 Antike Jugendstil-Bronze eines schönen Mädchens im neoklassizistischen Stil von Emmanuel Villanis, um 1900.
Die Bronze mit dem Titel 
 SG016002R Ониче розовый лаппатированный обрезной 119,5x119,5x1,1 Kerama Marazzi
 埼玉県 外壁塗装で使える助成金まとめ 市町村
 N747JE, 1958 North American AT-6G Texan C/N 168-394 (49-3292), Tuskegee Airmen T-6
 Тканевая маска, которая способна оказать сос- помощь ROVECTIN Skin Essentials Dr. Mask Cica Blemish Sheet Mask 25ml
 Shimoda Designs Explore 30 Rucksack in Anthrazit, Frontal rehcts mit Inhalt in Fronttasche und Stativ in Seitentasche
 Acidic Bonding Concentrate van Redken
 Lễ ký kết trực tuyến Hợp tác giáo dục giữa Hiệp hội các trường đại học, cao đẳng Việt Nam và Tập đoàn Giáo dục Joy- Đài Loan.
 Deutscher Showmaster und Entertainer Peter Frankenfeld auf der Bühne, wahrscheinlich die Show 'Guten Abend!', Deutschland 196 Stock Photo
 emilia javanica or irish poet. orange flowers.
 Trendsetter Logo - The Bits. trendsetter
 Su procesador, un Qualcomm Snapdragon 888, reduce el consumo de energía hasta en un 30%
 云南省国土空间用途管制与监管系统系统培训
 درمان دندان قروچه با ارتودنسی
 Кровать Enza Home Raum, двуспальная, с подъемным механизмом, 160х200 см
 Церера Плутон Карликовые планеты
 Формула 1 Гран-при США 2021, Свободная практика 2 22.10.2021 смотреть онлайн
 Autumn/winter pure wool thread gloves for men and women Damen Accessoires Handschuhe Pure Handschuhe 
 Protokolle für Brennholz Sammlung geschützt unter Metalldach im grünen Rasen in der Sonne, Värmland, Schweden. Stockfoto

● **EXERCISE AIM**
Look above for the line containing "SG016002R Ониче розовый". Output from there through the line containing "Trendsetter Logo - The Bits. trendsetter", exactly and inclusively.

● **RESPONSE TO THE TASK**
 SG016002R Ониче розовый лаппатированный обрезной 119,5x119,5x1,1 Kerama Marazzi
 埼玉県 外壁塗装で使える助成金まとめ 市町村
 N747JE, 1958 North American AT-6G Texan C/N 168-394 (49-3292), Tuskegee Airmen T-6
 Тканевая маска, которая способна оказать сос- помощь ROVECTIN Skin Essentials Dr. Mask Cica Blemish Sheet Mask 25ml
 Shimoda Designs Explore 30 Rucksack in Anthrazit, Frontal rehcts mit Inhalt in Fronttasche und Stativ in Seitentasche
 Acidic Bonding Concentrate van Redken
 Lễ ký kết trực tuyến Hợp tác giáo dục giữa Hiệp hội các trường đại học, cao đẳng Việt Nam và Tập đoàn Giáo dục Joy- Đài Loan.
 Deutscher Showmaster und Entertainer Peter Frankenfeld auf der Bühne, wahrscheinlich die Show 'Guten Abend!', Deutschland 196 Stock Photo
 emilia javanica or irish poet. orange flowers.
 Trendsetter Logo - The Bits. trendsetter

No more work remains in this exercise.